Ris Hans-Beat, Krueger Thorsten, Cheng Cai, Pasche Philippe, Monnier Philippe, Magnusson Lennart
Division of Thoracic and Vascular Surgery, Centre Hospitalier Universitaire Vaudois, Lausanne, Switzerland.
Eur J Cardiothorac Surg. 2008 Feb;33(2):276-83. doi: 10.1016/j.ejcts.2007.10.026. Epub 2007 Dec 4.
Prospective evaluation of tracheo-carinal airway reconstructions using pedicled extrathoracic muscle flaps for closing airway defects after non-circumferential resections and after carinal resections as part of the reconstruction for alleviation of anastomotic tension.
From January 1996 to June 2006, 41 patients underwent tracheo-carinal airway reconstructions using 45 extrathoracic muscle flaps (latissimus dorsi, n=25; serratus anterior, n=18; pectoralis major, n=2) for closing airway defects resulting from (a) bronchopleural fistulas (BPF) with short desmoplastic bronchial stumps after right upper lobectomy (n=1) and right-sided (pleuro) pneumonectomy (n=13); (b) right (n=9) and left (n=3) associated with partial carinal resections for pre-treated centrally localised tumours; (c) partial non-circumferential tracheal resections for pre-treated tracheal tumours, tracheo-oesophageal fistulas (TEF) and chronic tracheal injury with tracheomalacia (n=11); (d) carinal resections with the integration of a muscle patch in specific parts of the anastomotic reconstruction for alleviation of anastomotic tension (n=4). The airway defects ranged from 2 x 1 cm to 8 x 4 cm and involved up to 50% of the airway circumference. The patients were followed by clinical examination, repeated bronchoscopy, pulmonary function testing and CT scans. The minimum follow-up time was 6 months.
Ninety-day mortality was 7.3% (3/41 patients). Four patients (9.7%) sustained muscle flap necrosis requiring re-operation and flap replacement without subsequent mortality, airway dehiscence or stenosis. Airway dehiscence was observed in 1/41 patients (2.4%) and airway stenosis in 1/38 surviving patients (2.6%) responding well to topical mitomycin application. Follow-up on clinical grounds, by CT scans and repeated bronchoscopy, revealed airtight, stable and epithelialised airways and no recurrence of BPF or TEF in all surviving patients.

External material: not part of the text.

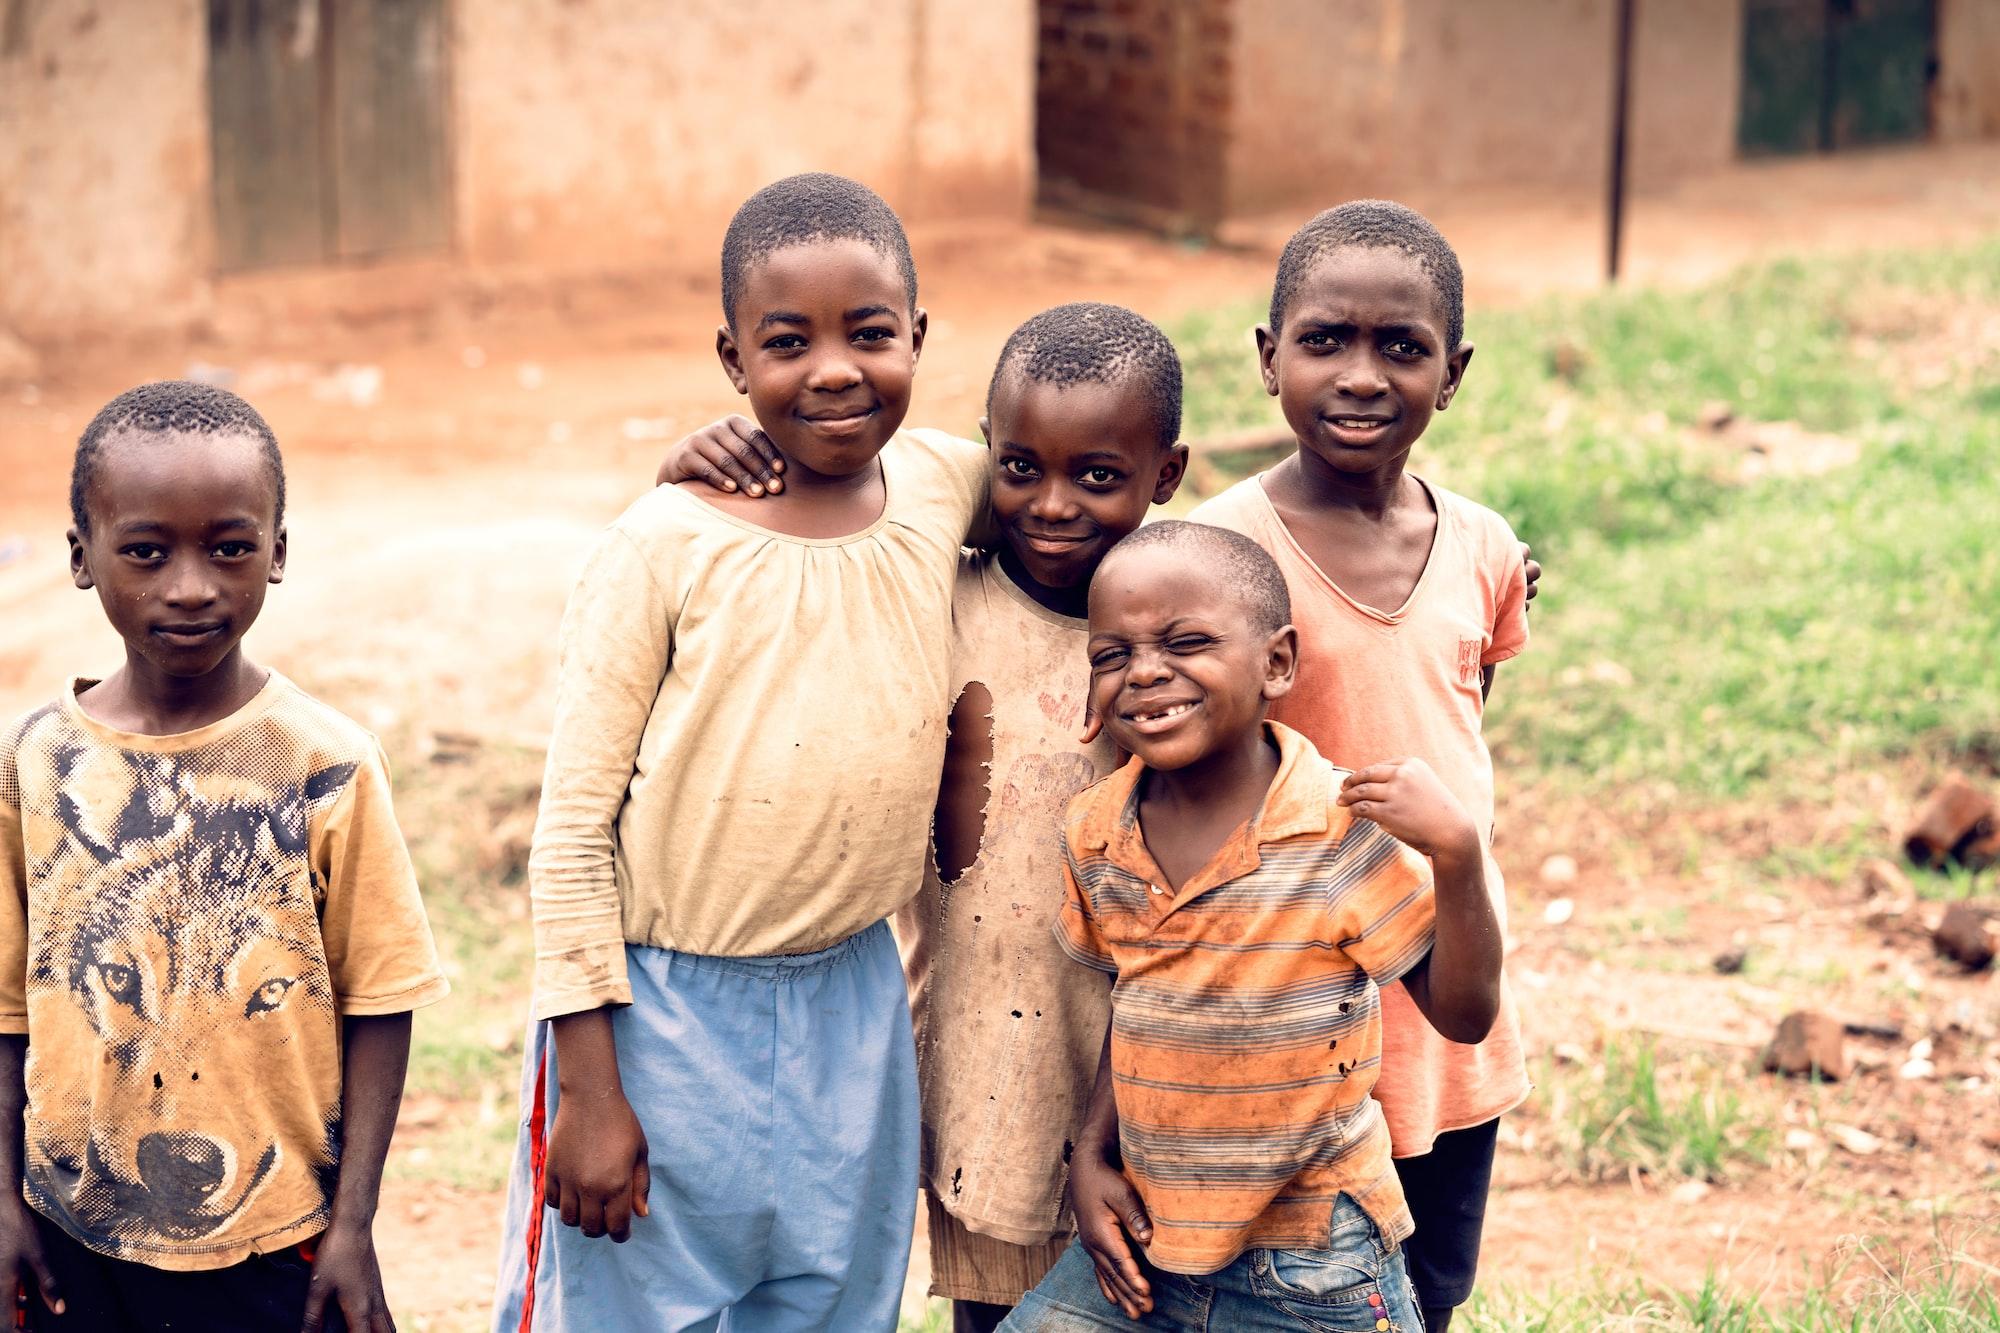 Laughing african children in the Ugandan village.

Tracheo-carinal airway defects can be closed by use of pedicled extrathoracic muscle flaps after non-circumferential resections and after carinal resections with the muscle patch as part of the reconstruction for alleviation of anastomotic tension.
前瞻性评估使用带蒂胸外肌瓣进行气管隆突气道重建,用于非环形切除及隆突切除后关闭气道缺损,作为重建的一部分以减轻吻合口张力。
1996年1月至2006年6月,41例患者使用45个胸外肌瓣(背阔肌,n = 25;前锯肌,n = 18;胸大肌,n = 2)进行气管隆突气道重建,以关闭因以下情况导致的气道缺损:(a) 右上叶切除(n = 1)和右侧(胸膜)全肺切除(n = 13)后伴有短缩性支气管残端的支气管胸膜瘘(BPF);(b) 与部分隆突切除相关的右侧(n = 9)和左侧(n = 3)经预处理的中央型局部肿瘤;(c) 经预处理的气管肿瘤、气管食管瘘(TEF)和伴有气管软化的慢性气管损伤的部分非环形气管切除(n = 11);(d) 在吻合口重建的特定部位整合肌肉补片以减轻吻合口张力的隆突切除(n = 4)。气道缺损范围为2×1 cm至8×y4 cm,累及气道周长的50%。对患者进行临床检查、重复支气管镜检查、肺功能测试和CT扫描随访。最短随访时间为6个月。
90天死亡率为7.3%(41例患者中的3例)。4例患者(9.7%)出现肌瓣坏死,需要再次手术并更换肌瓣,随后未发生死亡、气道裂开或狭窄。41例患者中有1例(2.4%)出现气道裂开,38例存活患者中有1例(2.6%)出现气道狭窄,局部应用丝裂霉素后反应良好。基于临床、CT扫描和重复支气管镜检查的随访显示,所有存活患者的气道密闭、稳定且上皮化,BPF或TEF无复发。
非环形切除及隆突切除后,可使用带蒂胸外肌瓣关闭气管隆突气道缺损,并将肌肉补片作为重建的一部分以减轻吻合口张力。